Note. d = Cohen’s effect size; IVA/CPT = Integrated Visual and Auditory Continuous Performance Test; CI = confidence interval; NF = neurofeedback; PH = pharmacology; BT = behavior therapy.

The results revealed that treatments differed significantly only on the variables related to attention (not in response control), and these differences are quite favorable to PH intervention. Then, as observed in Table 4, the post hoc analysis performed with Bonferroni correction at a confidence level of .05 indicates that PH treatment was superior to NF and BT on Full Scale Attention, Auditory Attention, and Visual Vigilance and was superior to BT on Visual Attention.

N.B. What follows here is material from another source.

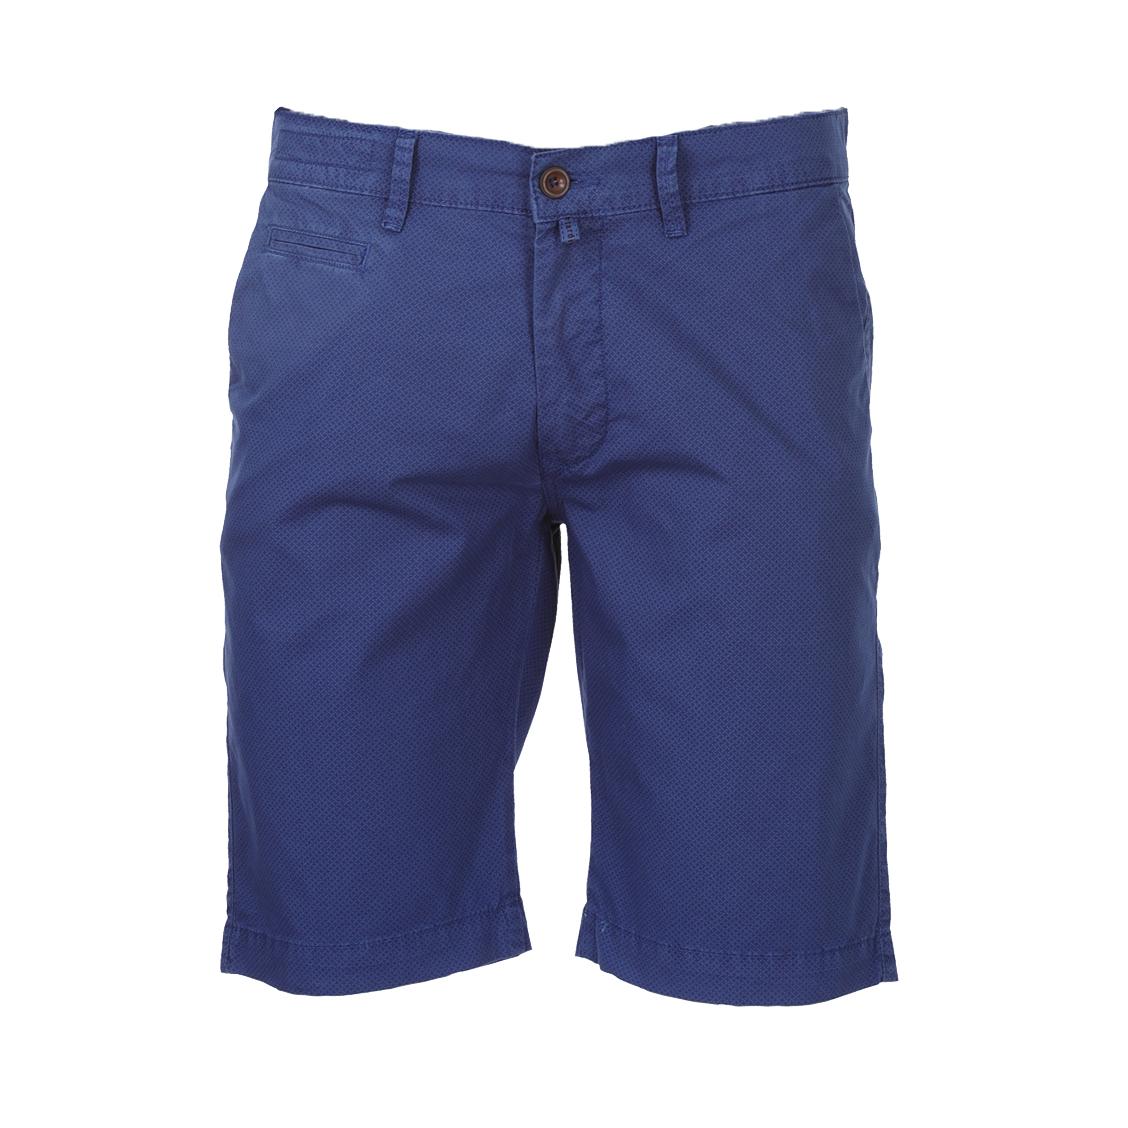 Short chino  lyon en coton stretch bleu indigo à micro motifs bleu pétrole

BT was superior to NF on Full Scale Attention and Auditory Attention, and was superior to PH only on Vigilance Auditory. NF was superior to PH in Visual Attention and Vigilance Auditory. Post hoc differences did not reach significance for Auditory Speed, but PH was superior to NF and BT with large effect sizes, which was similar to those found on the aforementioned measures.

Discussion

The first objective of this study was to determine the differential efficacy of neurofeedback, pharmacology, and behavior therapy on ADHD neuropsychological measures and parent/teacher rating scales. In relation to this objective, we can conclude that the three treatments were separately able to generate changes and improvements on most of the measures. Regarding neurofeedback and methylphenidate, data are consistent with those obtained by Fuchs, Birbaumer, Lutzenberger, Gruzelier, and Kaiser (2003), and we can now add the positive data pertaining to behavior therapy. However, the scope of these improvements varied according to how efficacy was assessed (inattention or hyperactivity/impulsivity measured by the IVA/CPT or rating scales) and the source of information obtained (mothers or teachers).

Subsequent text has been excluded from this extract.